I dont put a payment schedule on there since I already know the payment schedule for the people I work with.

_
We propose to perform the service of Snow, and Ice Management at the above address for the prices stated below, in a timely, safe fashion, for the effective dates listed. By submitting this proposal, if it is accepted, we will be responsible for all damages caused by us while executing the services requested and agreed upon. Previous / Existing damage will be noted below. We will or have provided you with our Insurance Certificates. Owner(s) of service property are carrying necessary insurance. The below prices are for a complete job to include driveways, parking lots, walkways, entrances and exits unless otherwise specified. Return post storm cleanup visits are also included. All services are guaranteed, but we are not responsible for delays beyond our control, or excessive weather causing a delay in service. Snow removal will be performed only after an accumulation of 1.5" Ice Management, if ordered will be performed as needed and at the discretion of XXXXXXXX XXXXXXX, or as specified. Snowfall amounts will be measured by us, on site, and will not be determined by weather or news broadcasts. We of course will be fair, and reasonable in determining these snowfall amounts. Thank you for choosing XXXXXXXX XXXXXXXX as your Snow Service Provider!
_


----------



## ScnicExcellence (Jun 9, 2008)

This is my copy of what i have come up with 
i had to delete my header of my company name to get it into the correct size. 

Let me know what you guys think.


----------



## Snowpower (Sep 2, 2007)

Im sorry brother, but thats a confusing agreement you have there.


----------



## elite1msmith (Sep 10, 2007)

yeah i have 10 page contracts that are easier to follow


----------



## grandview (Oct 9, 2005)

Some of that looks familiar. Keep it simple,either your seasonal and everything is included or everything you do is billable. In snowplowing you really don't need to offer discounts people will pay for it.

PD payed is spelled paid.


----------



## LoneCowboy (Jan 2, 2007)

Snowpower;579897 said:


> Im sorry brother, but thats a confusing agreement you have there.


+1, my head is still spinning.

Ok, time for the contrarian view.
for snow or pasture work:

Estimates from me are written, in paragraph form, with some list items (if they have more than one property). How we do places may vary from client to client for their needs. Or, I meet with them and we discuss.

Acceptance is via a phone call or a handshake.

The billing goes out with invoices, the invoices have the details of how payment should be made. (net 10, 3%penalty/30)

That's it.

In 6 years in business, I've had one person not pay (for $150, pissed me off but what are you going to do?)

I don't want to do business with people who require thousands of pages of legalese BS. Every time I've done business with someone who wants a contract they turn out to be a total PITA.

If I break something, I tell the customer and I fix it.

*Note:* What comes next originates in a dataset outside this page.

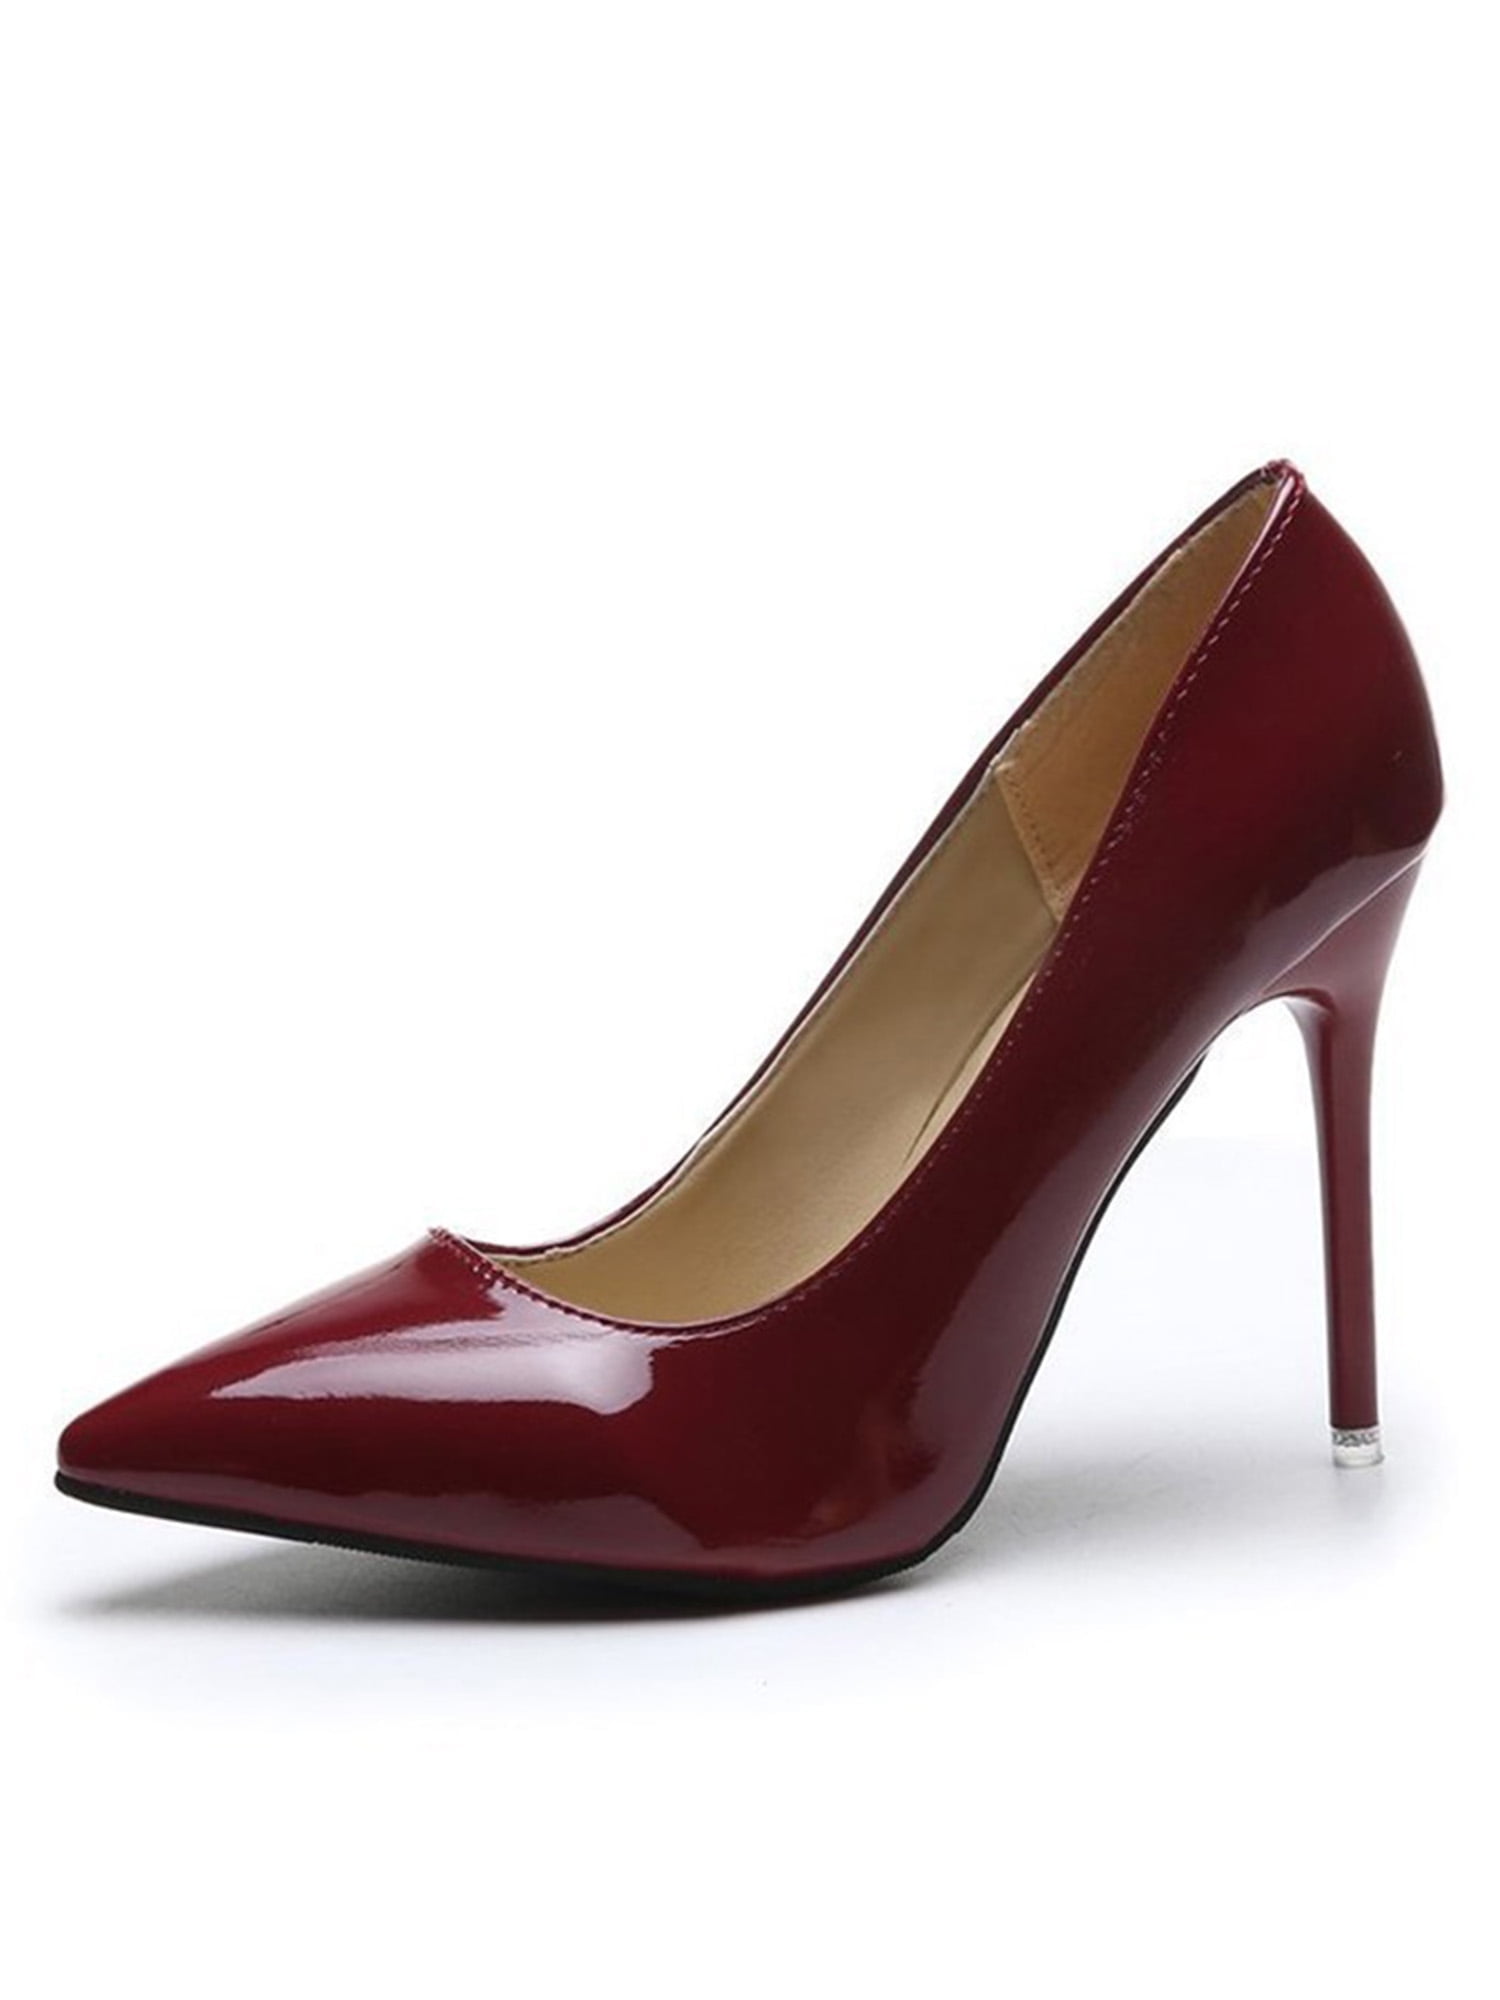 Peep Toe Women Pumps High Heels Thick Heel Platform Shoes Woman | Elegant  high heels, Shoes outfit fashion, Dress and heels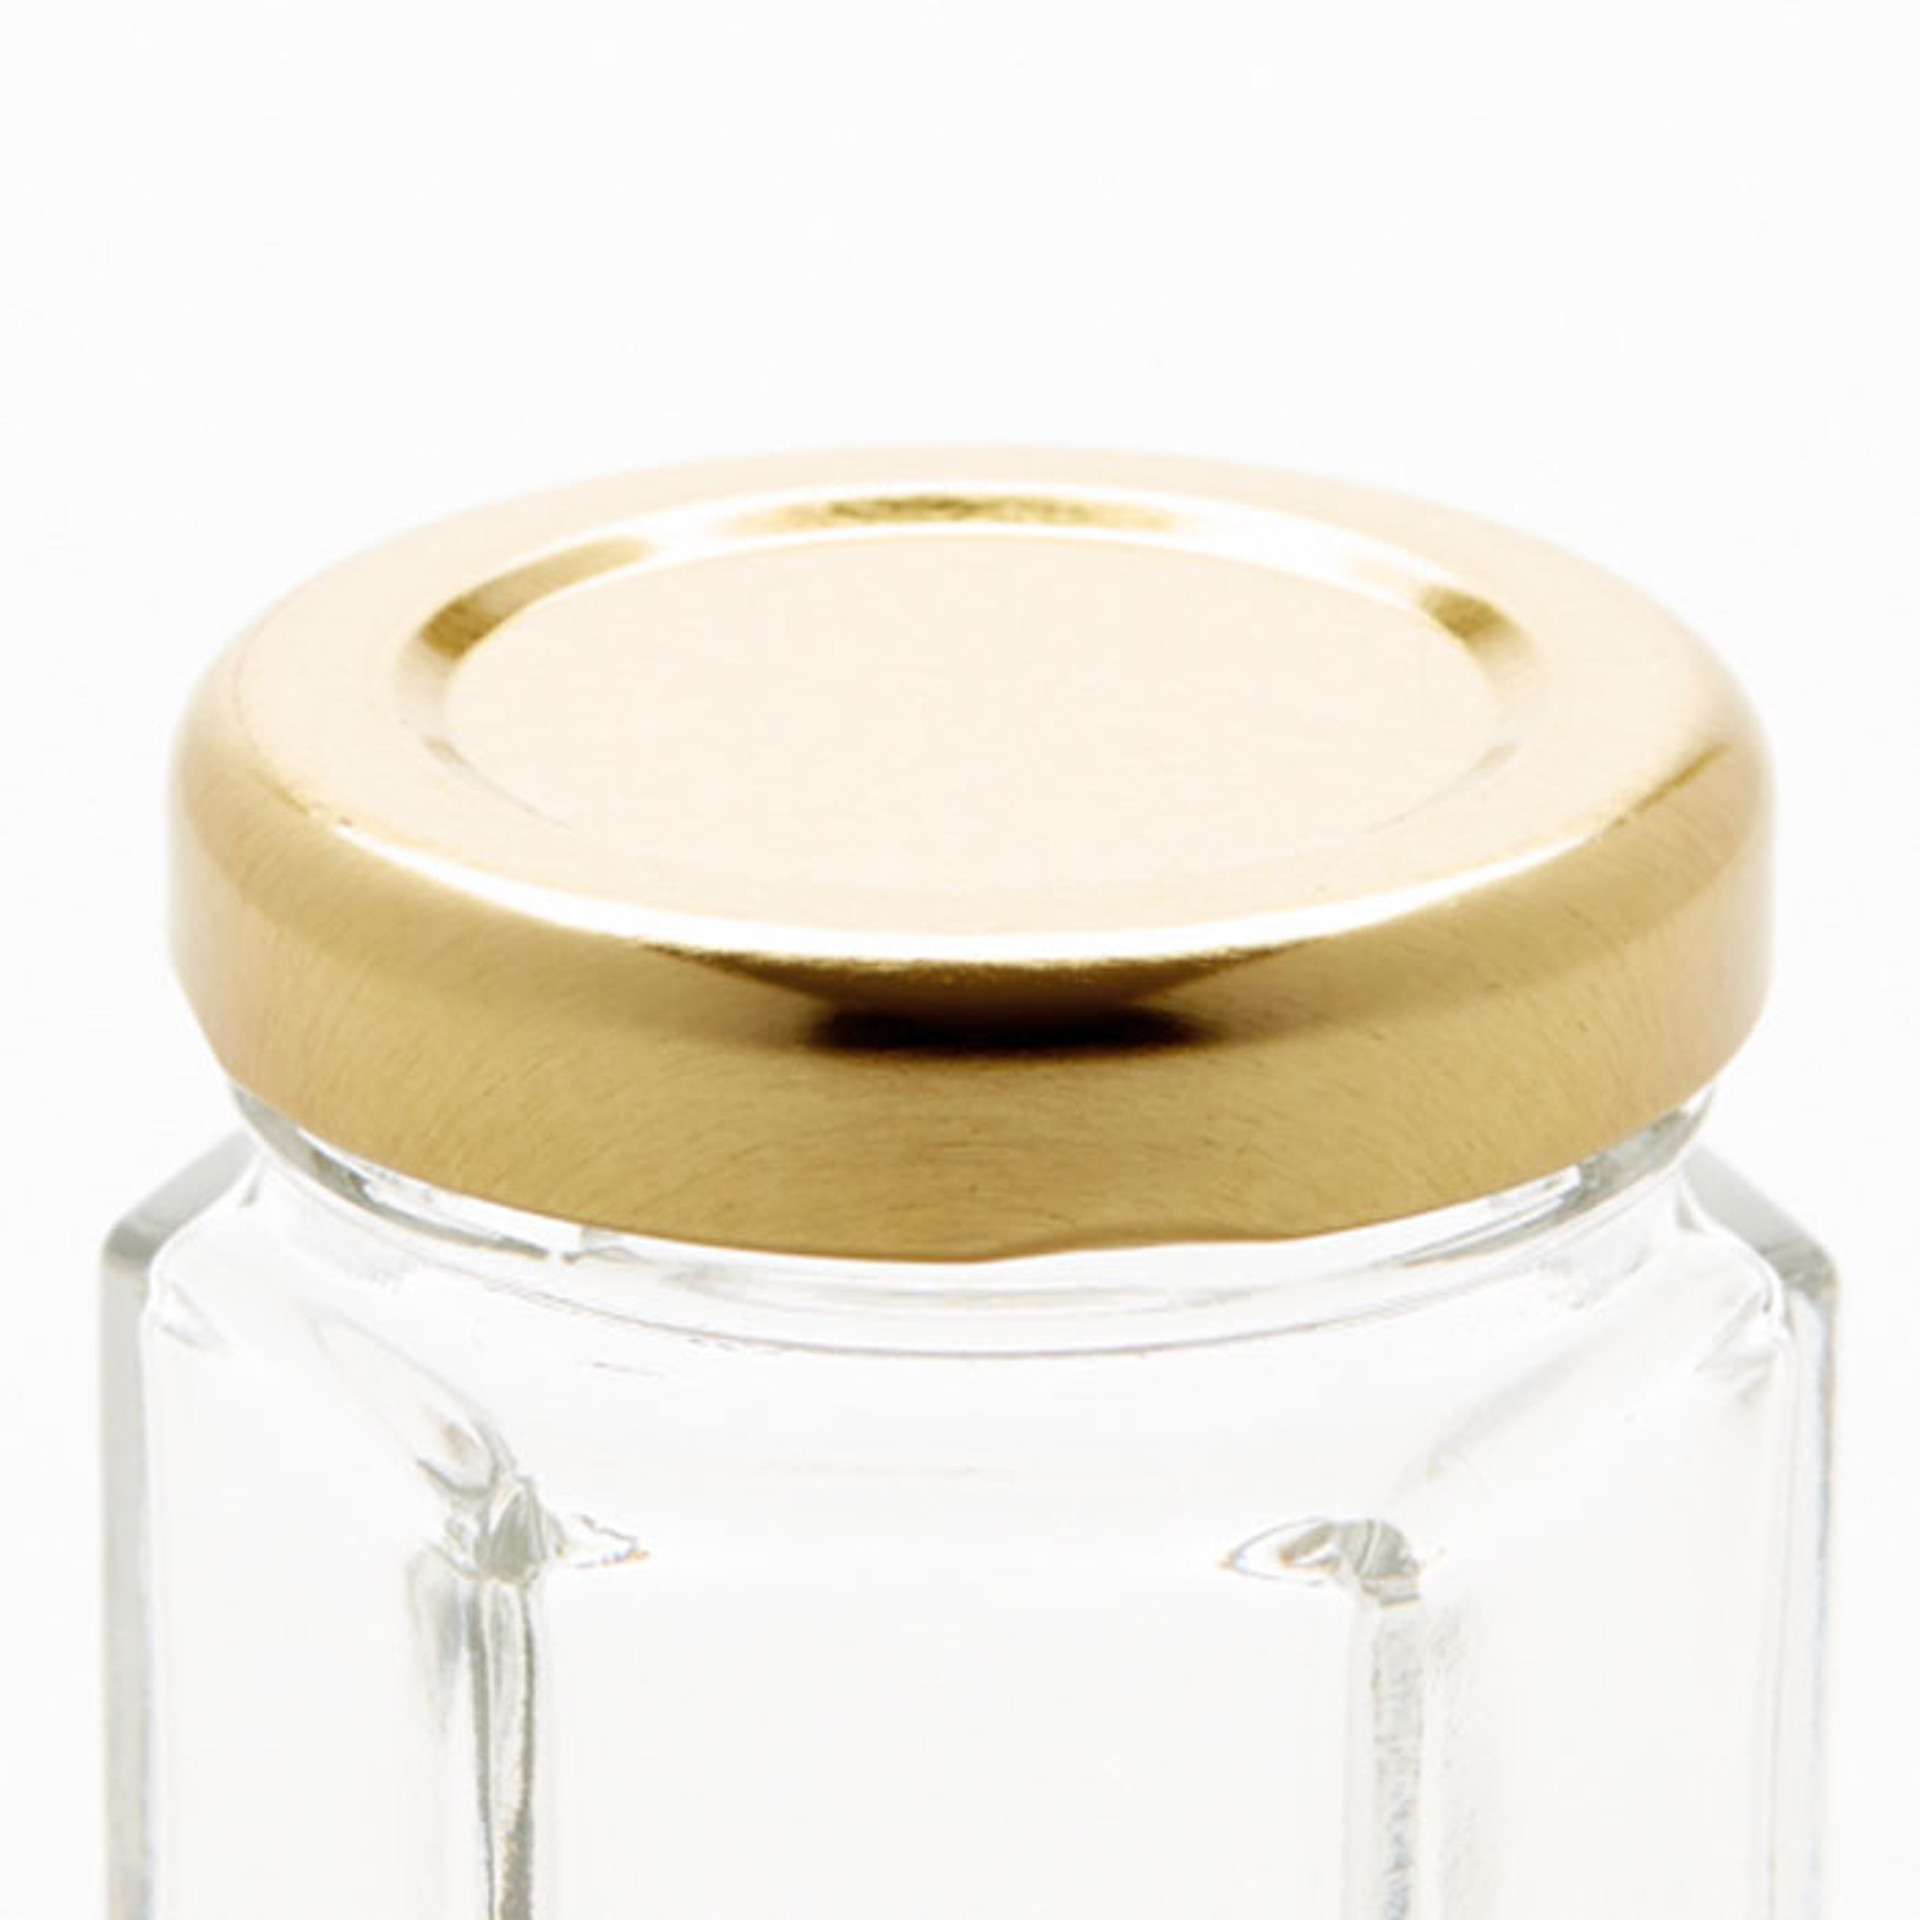 1.5 oz Clear Hexagon Jars,Small Glass Jars With Lids(golden),Mason

When I'm done with something I send a bill, they mail a check.

When I get up to a couple million a year, this may not work. But right now at a couple hundred thousand in billings a year, it works fine.

Many of you guys are overthinking this IMHO


----------



## ScnicExcellence (Jun 9, 2008)

thank you for the input. The reason why i am going to use a contract and not do things on word of mouth, this way i am covered if something happens. If they decide to cancel me because someone offered a cheaper rate, i am still budgeted off of their deposit.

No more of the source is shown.